Work instructions
Starting with the line that holds "Once you start" and stopping after the line that holds "This ring was hand", repeat the lines below word for word, without the pictures.

Supplied material

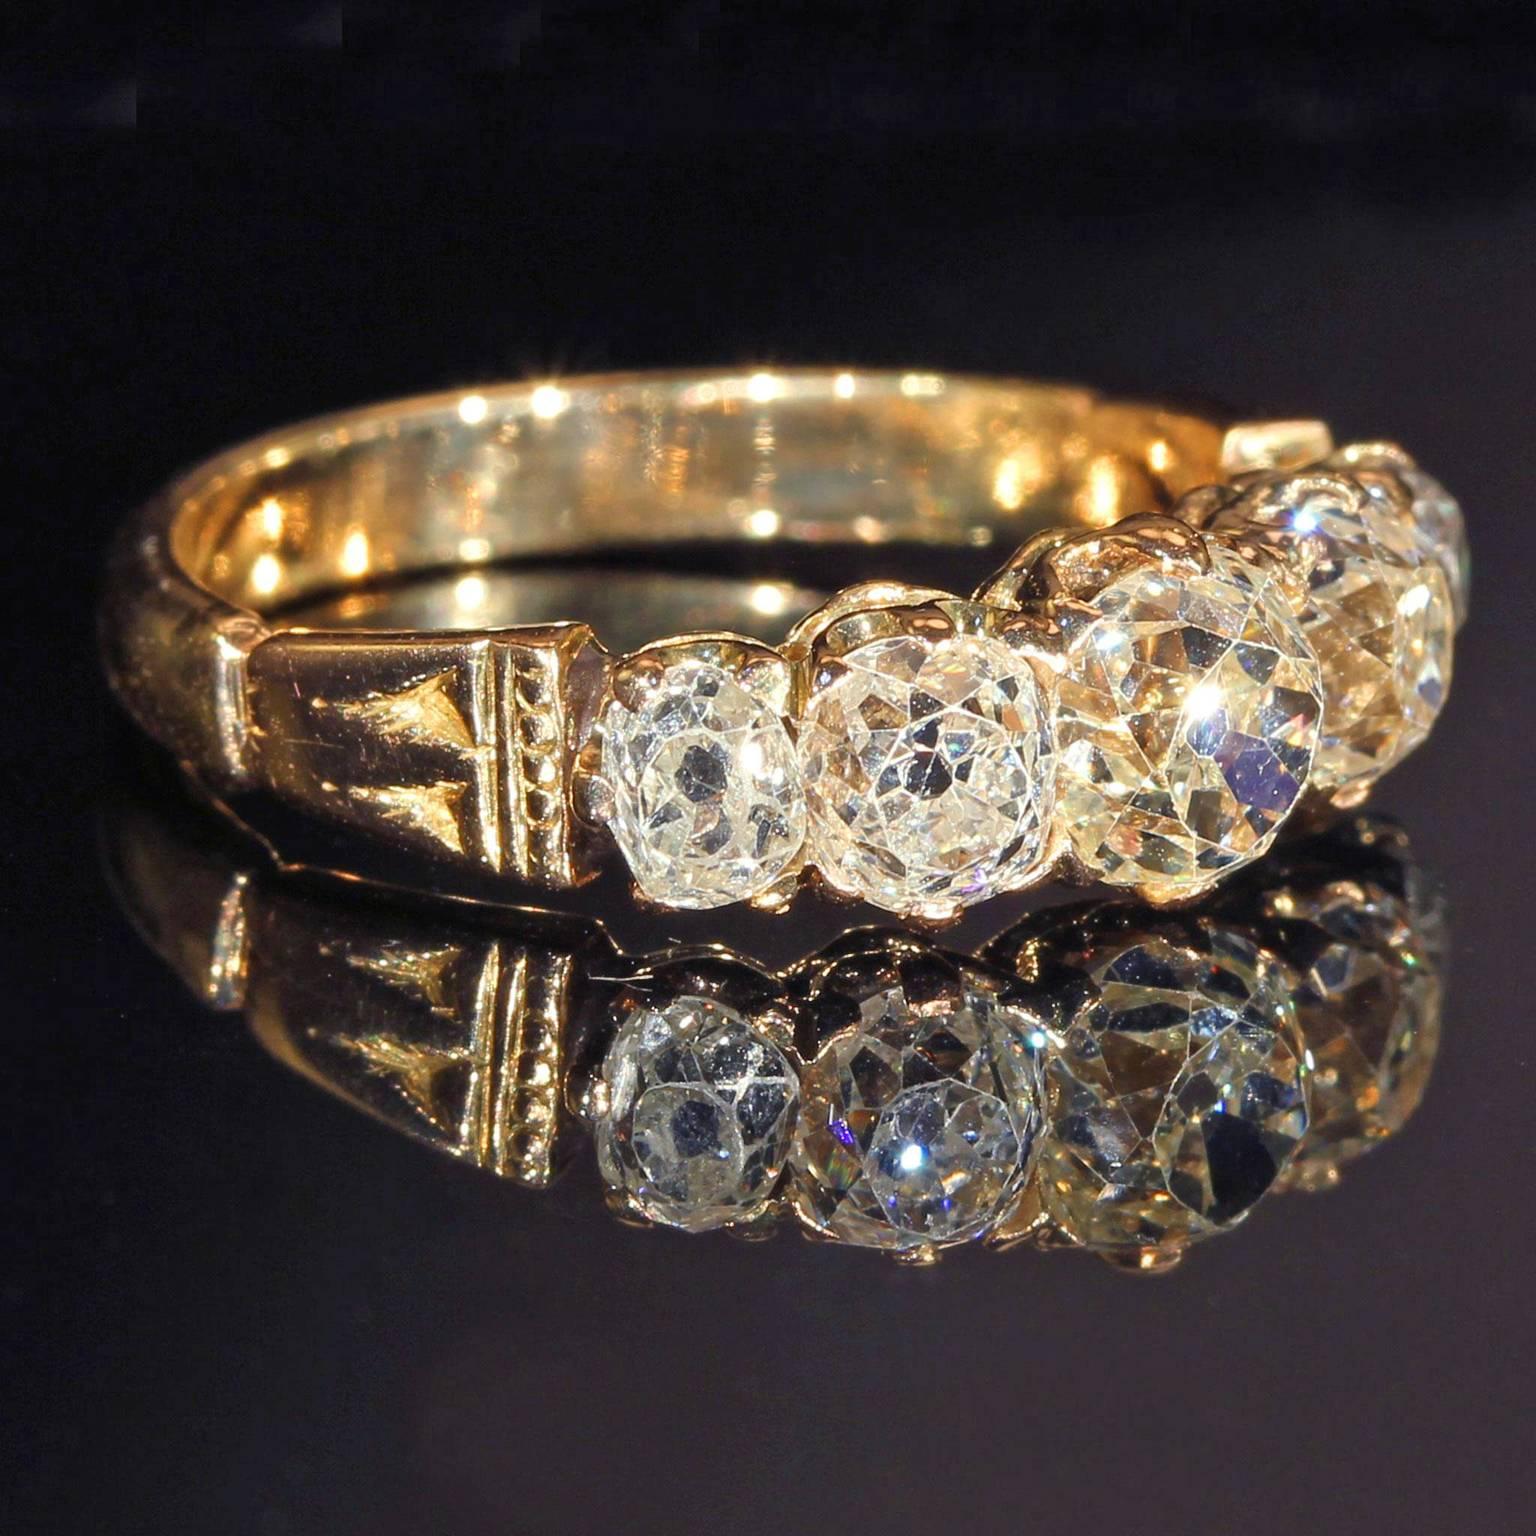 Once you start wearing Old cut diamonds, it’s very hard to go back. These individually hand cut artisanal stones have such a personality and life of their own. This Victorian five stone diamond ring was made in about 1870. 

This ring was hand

==

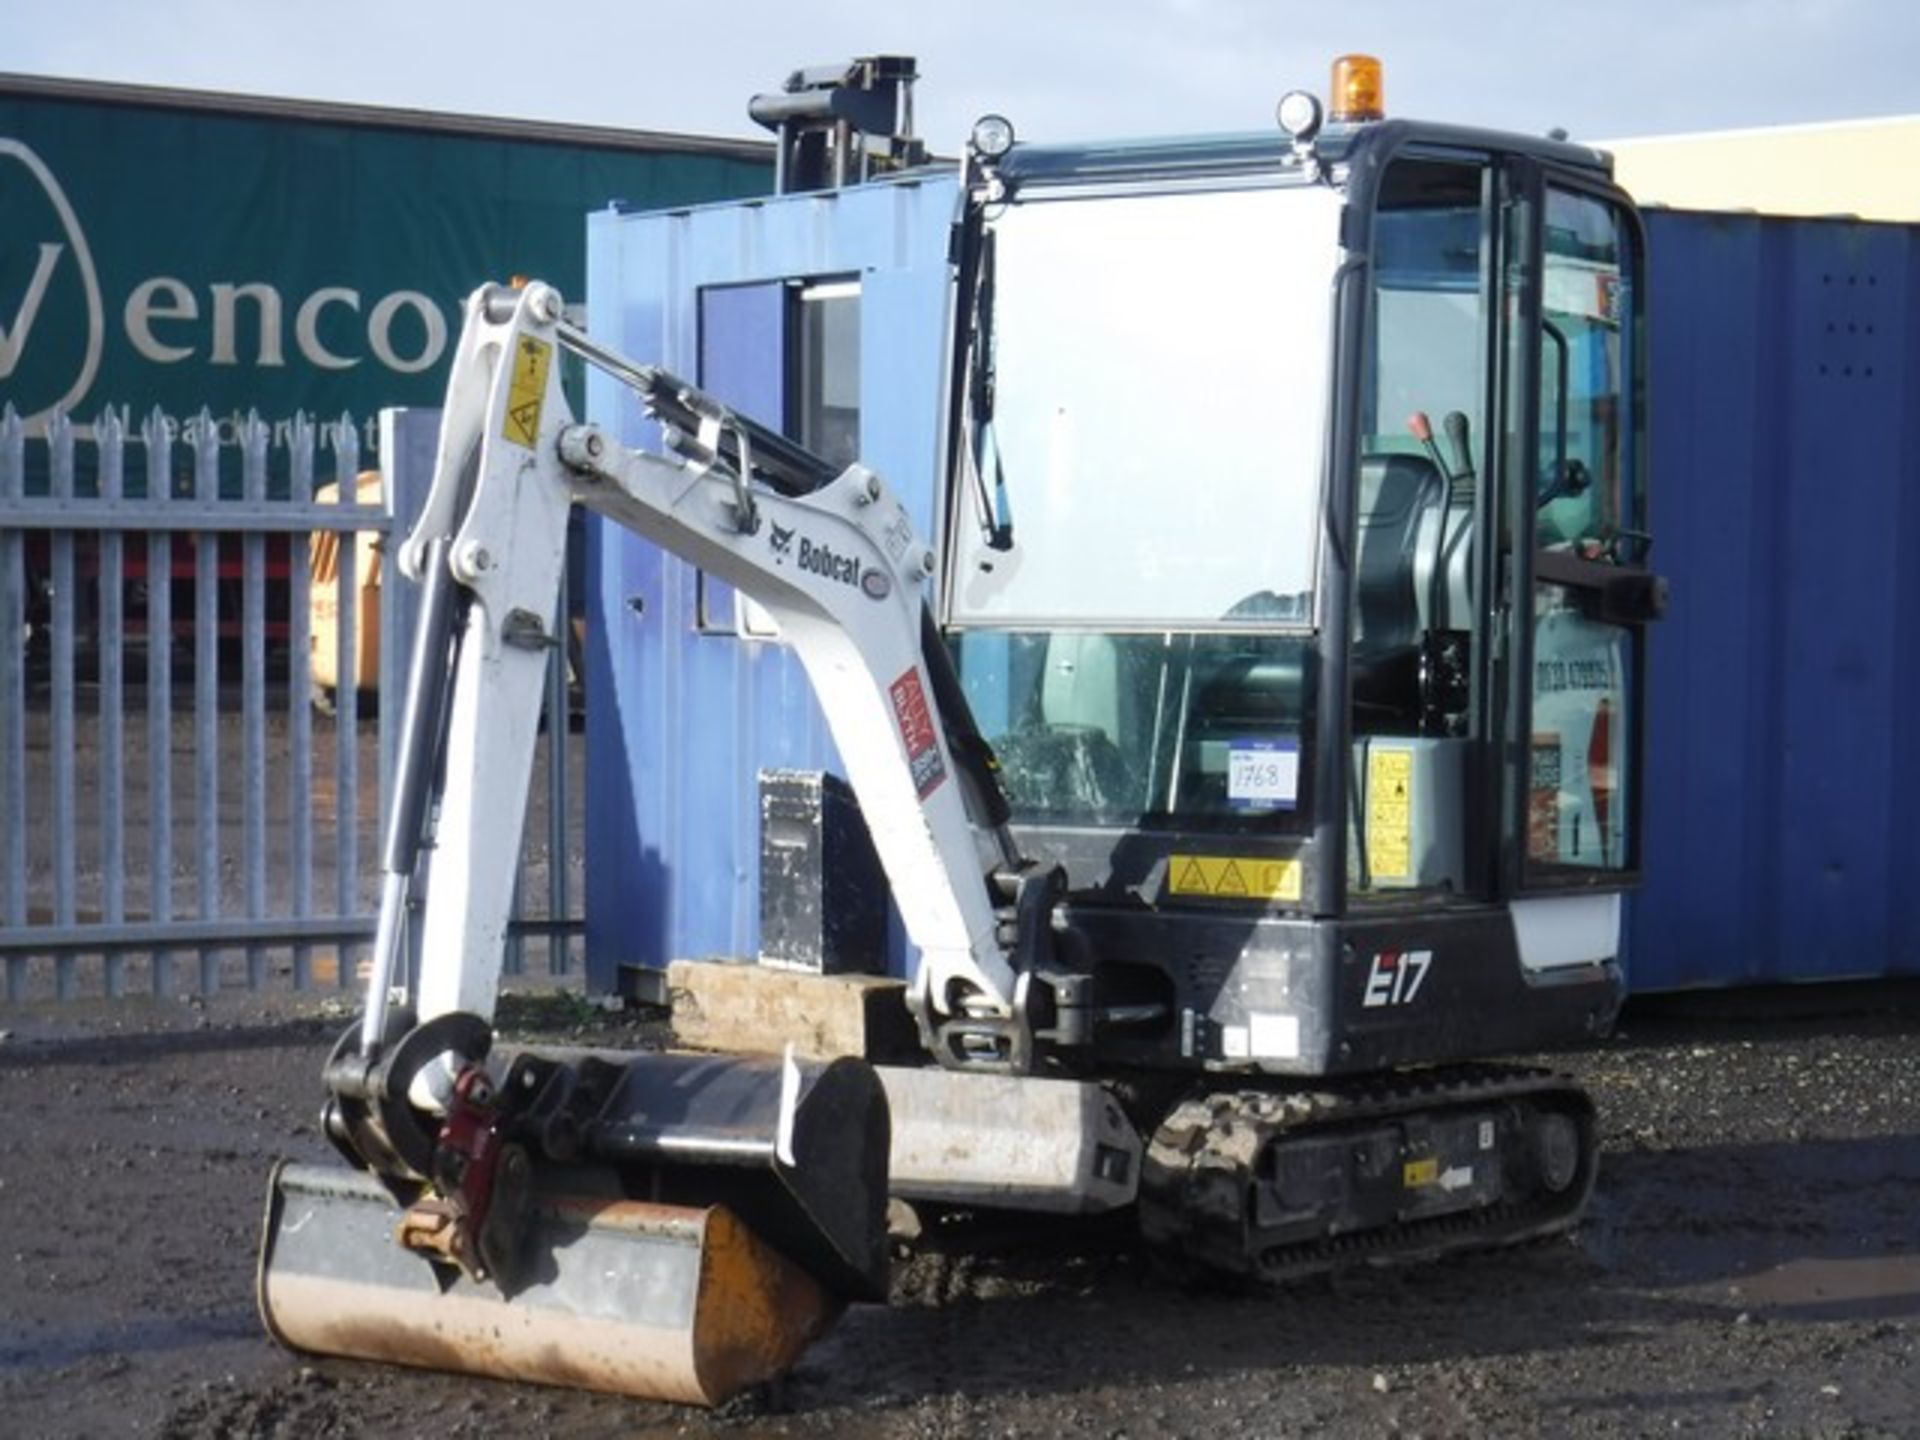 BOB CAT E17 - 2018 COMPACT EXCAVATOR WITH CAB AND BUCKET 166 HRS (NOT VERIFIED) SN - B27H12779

Solution below
 Once you start wearing Old cut diamonds, it’s very hard to go back. These individually hand cut artisanal stones have such a personality and life of their own. This Victorian five stone diamond ring was made in about 1870. 

This ring was hand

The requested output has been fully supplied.